Exercise inputs:
____

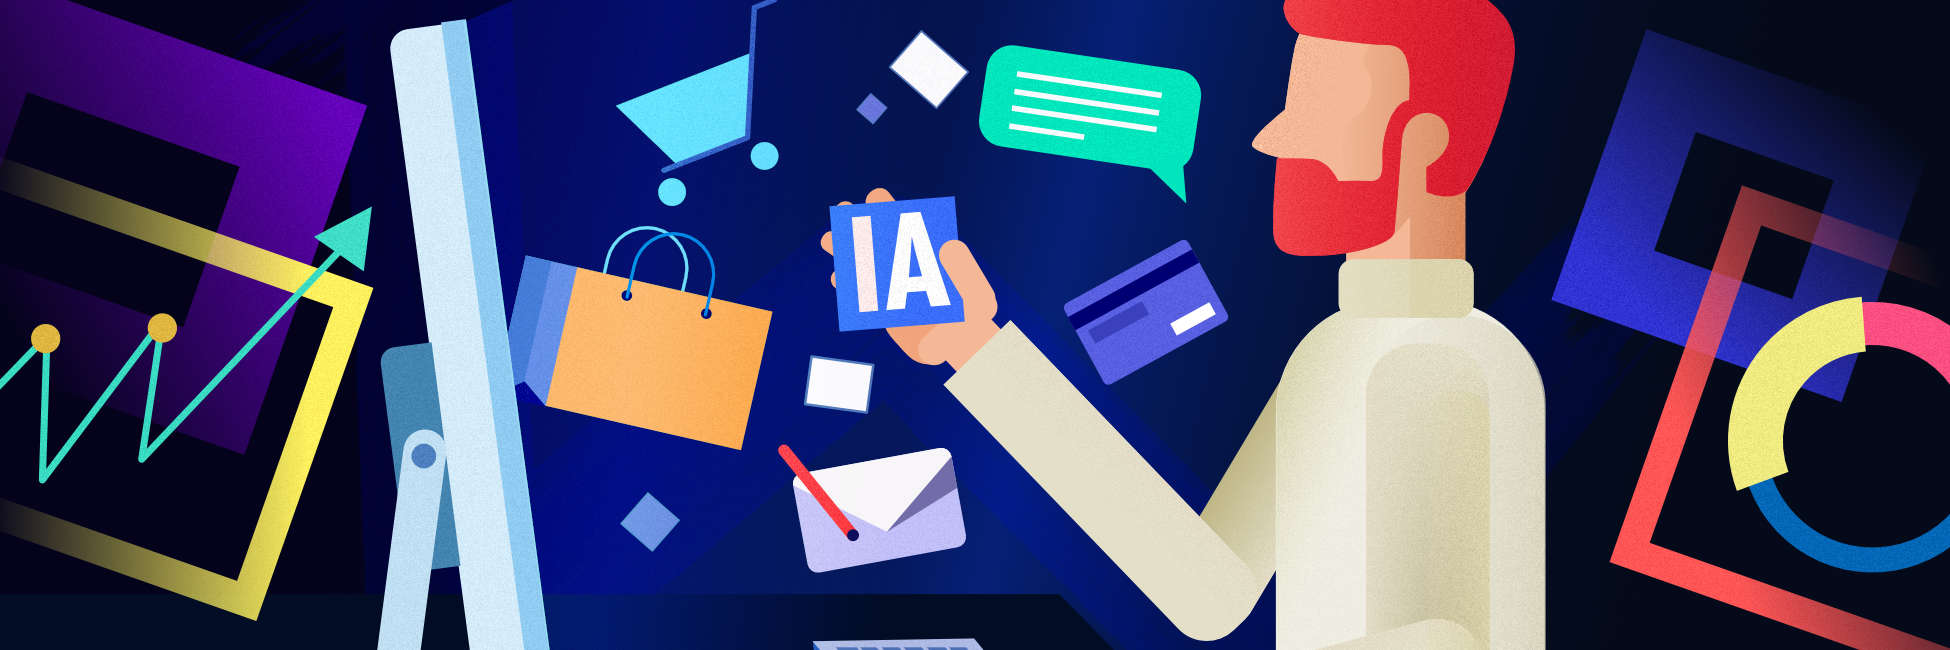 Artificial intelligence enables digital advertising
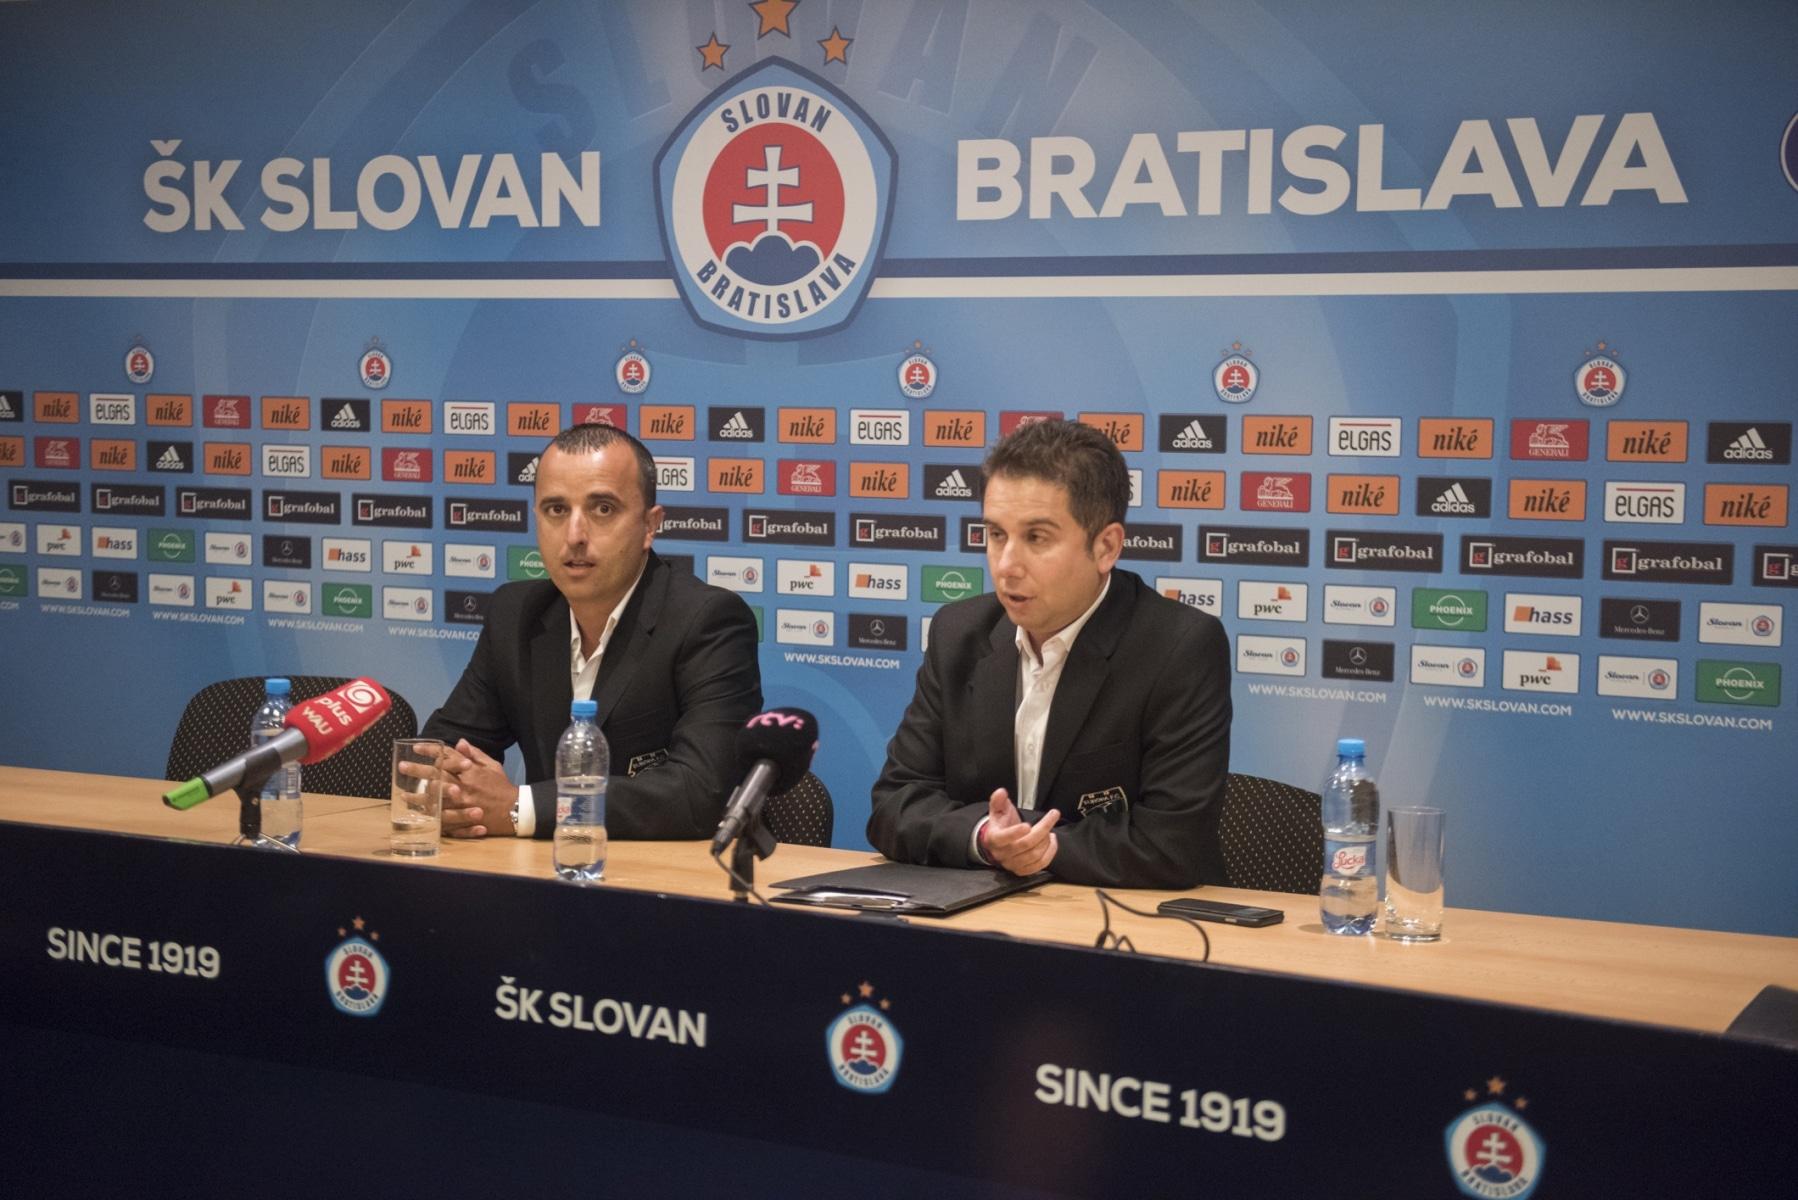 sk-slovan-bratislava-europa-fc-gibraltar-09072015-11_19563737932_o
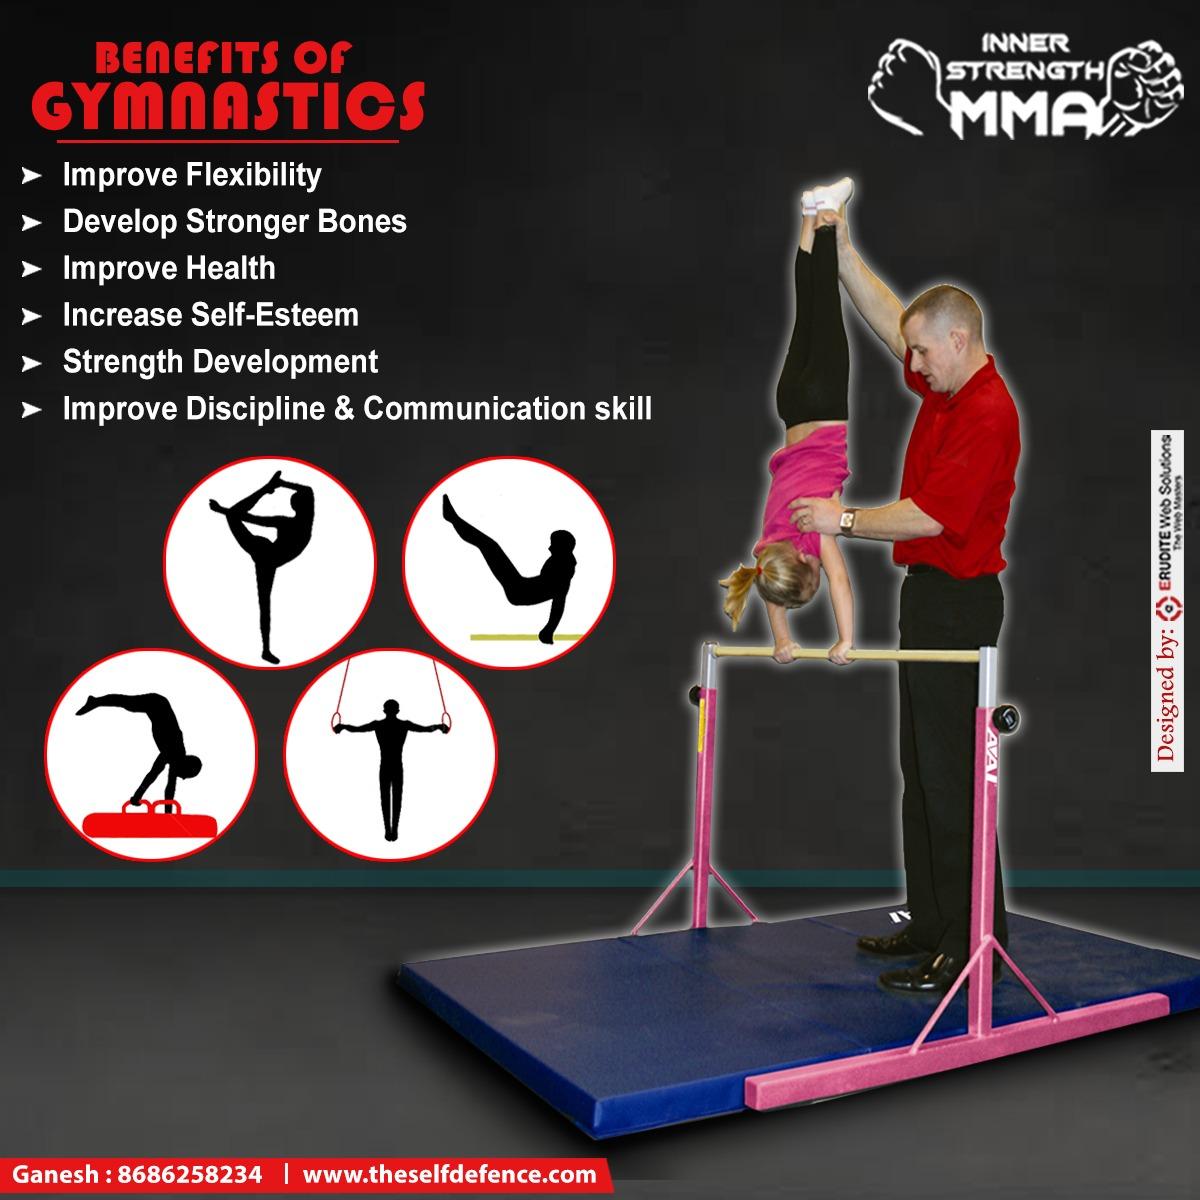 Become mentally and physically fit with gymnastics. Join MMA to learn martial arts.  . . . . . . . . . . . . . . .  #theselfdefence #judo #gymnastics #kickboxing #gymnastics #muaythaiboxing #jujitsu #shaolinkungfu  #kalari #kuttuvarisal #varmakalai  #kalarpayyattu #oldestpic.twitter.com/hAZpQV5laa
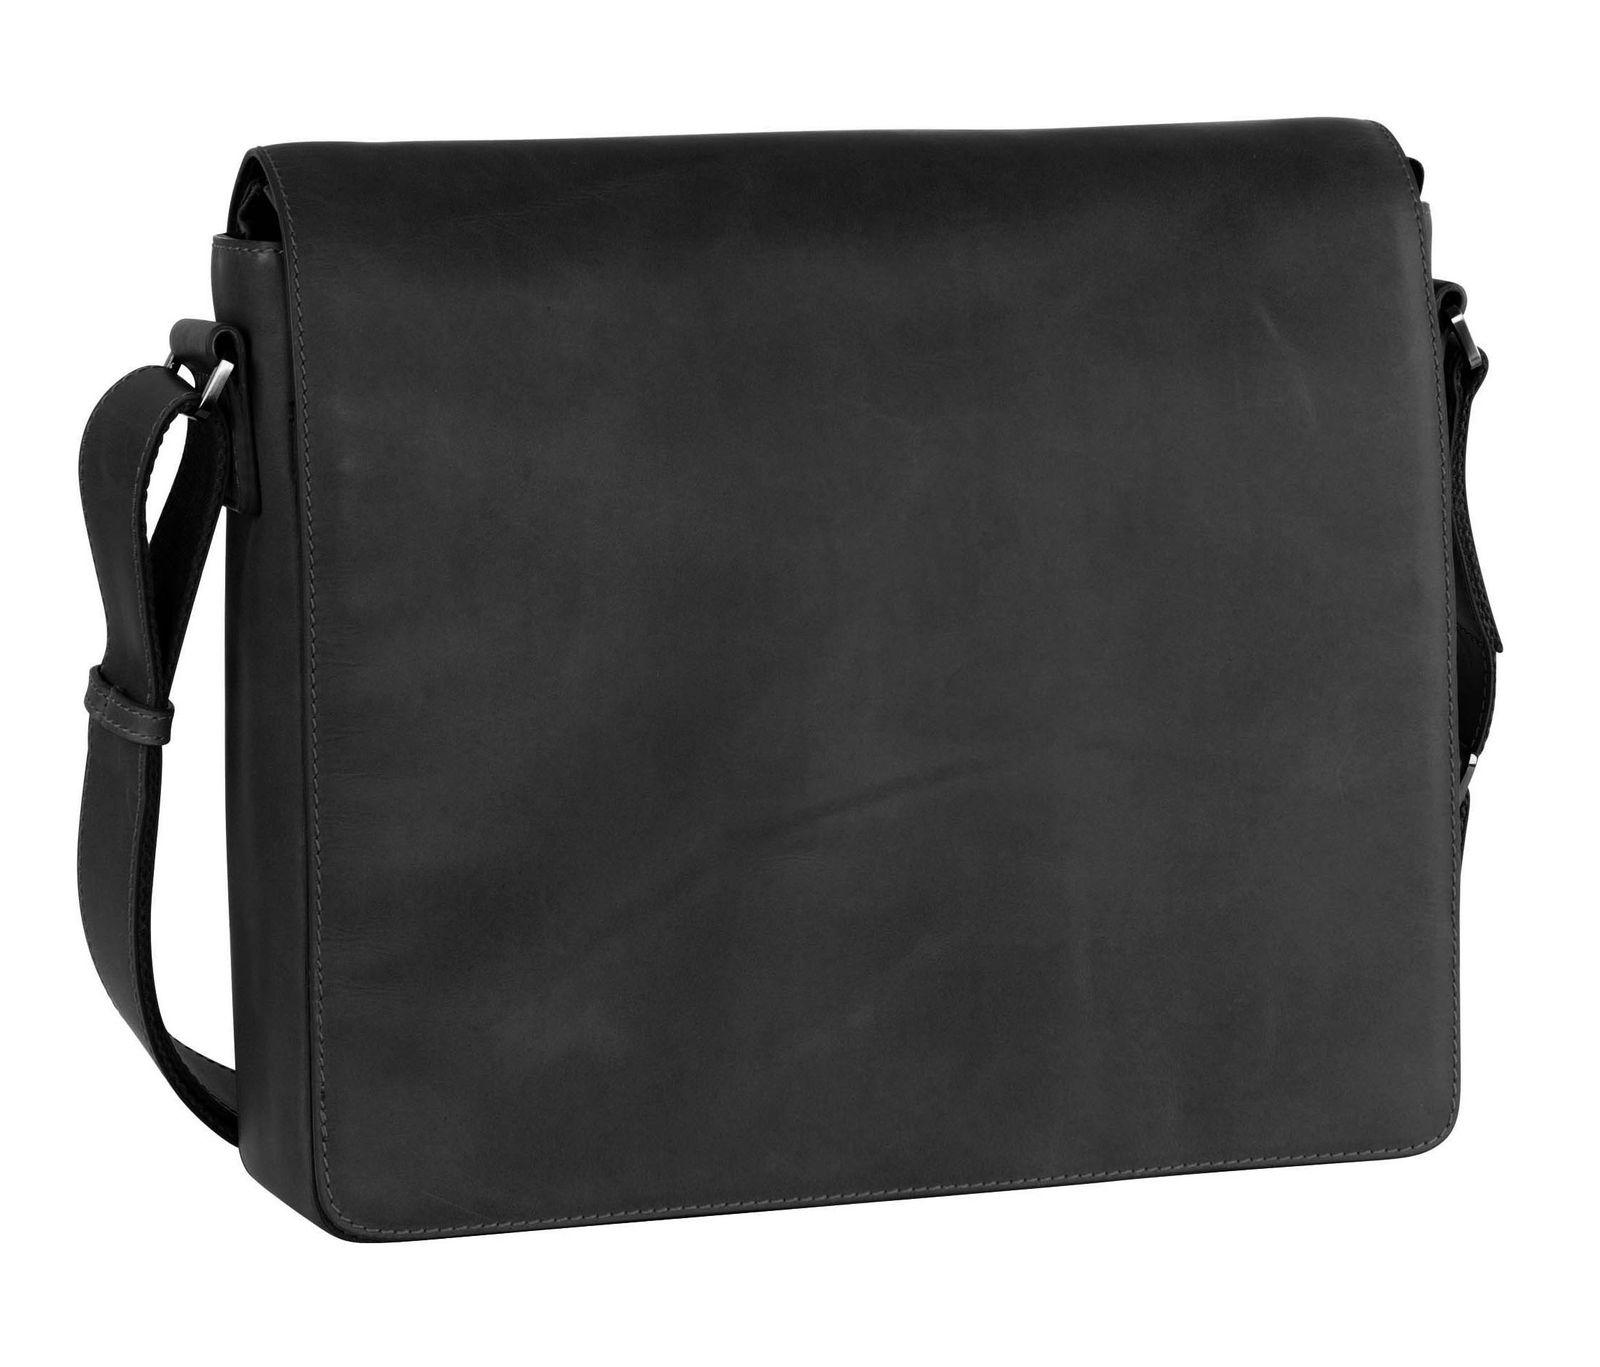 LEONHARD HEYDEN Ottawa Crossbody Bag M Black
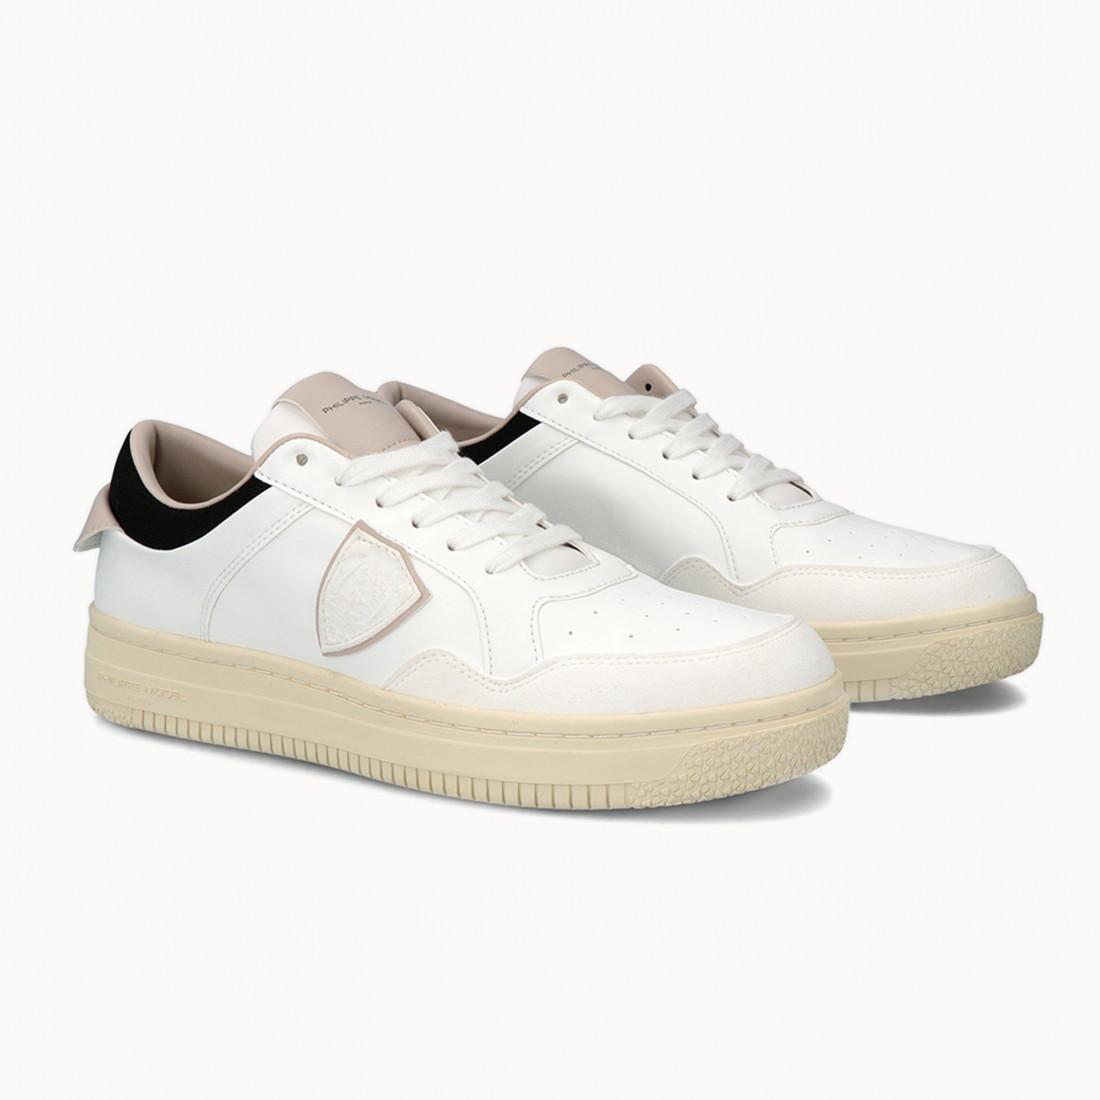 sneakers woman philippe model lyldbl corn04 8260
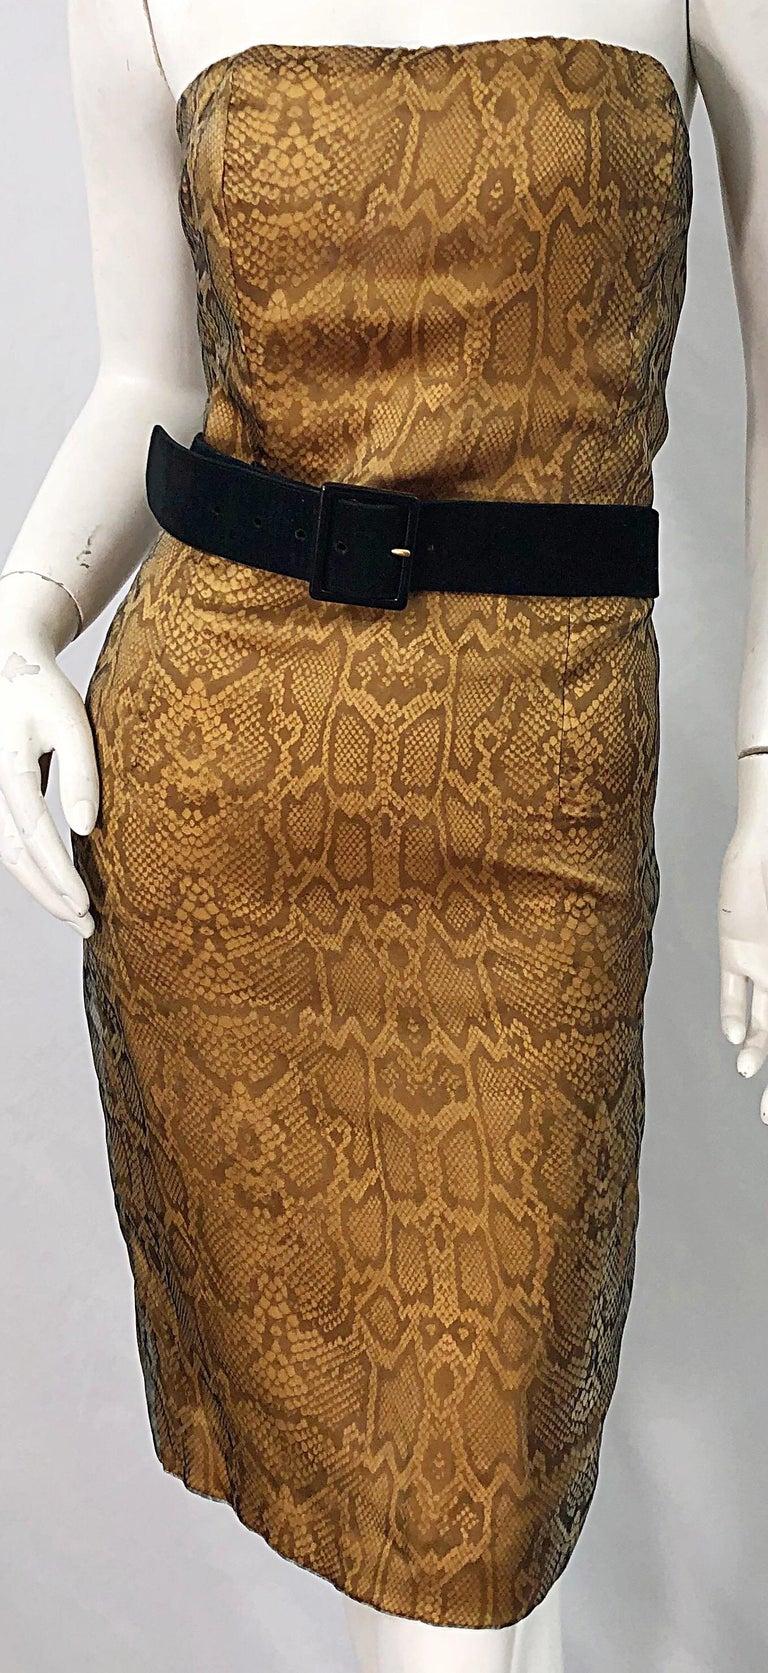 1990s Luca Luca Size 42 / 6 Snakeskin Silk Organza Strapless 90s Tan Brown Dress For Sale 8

____

Instruction for this listing: copy it exactly, but leave the images behind.

Exercise answer:
 Artificial intelligence enables digital advertising
 sk-slovan-bratislava-europa-fc-gibraltar-09072015-11_19563737932_o
 Become mentally and physically fit with gymnastics. Join MMA to learn martial arts.  . . . . . . . . . . . . . . .  #theselfdefence #judo #gymnastics #kickboxing #gymnastics #muaythaiboxing #jujitsu #shaolinkungfu  #kalari #kuttuvarisal #varmakalai  #kalarpayyattu #oldestpic.twitter.com/hAZpQV5laa
 LEONHARD HEYDEN Ottawa Crossbody Bag M Black
 sneakers woman philippe model lyldbl corn04 8260
 1990s Luca Luca Size 42 / 6 Snakeskin Silk Organza Strapless 90s Tan Brown Dress For Sale 8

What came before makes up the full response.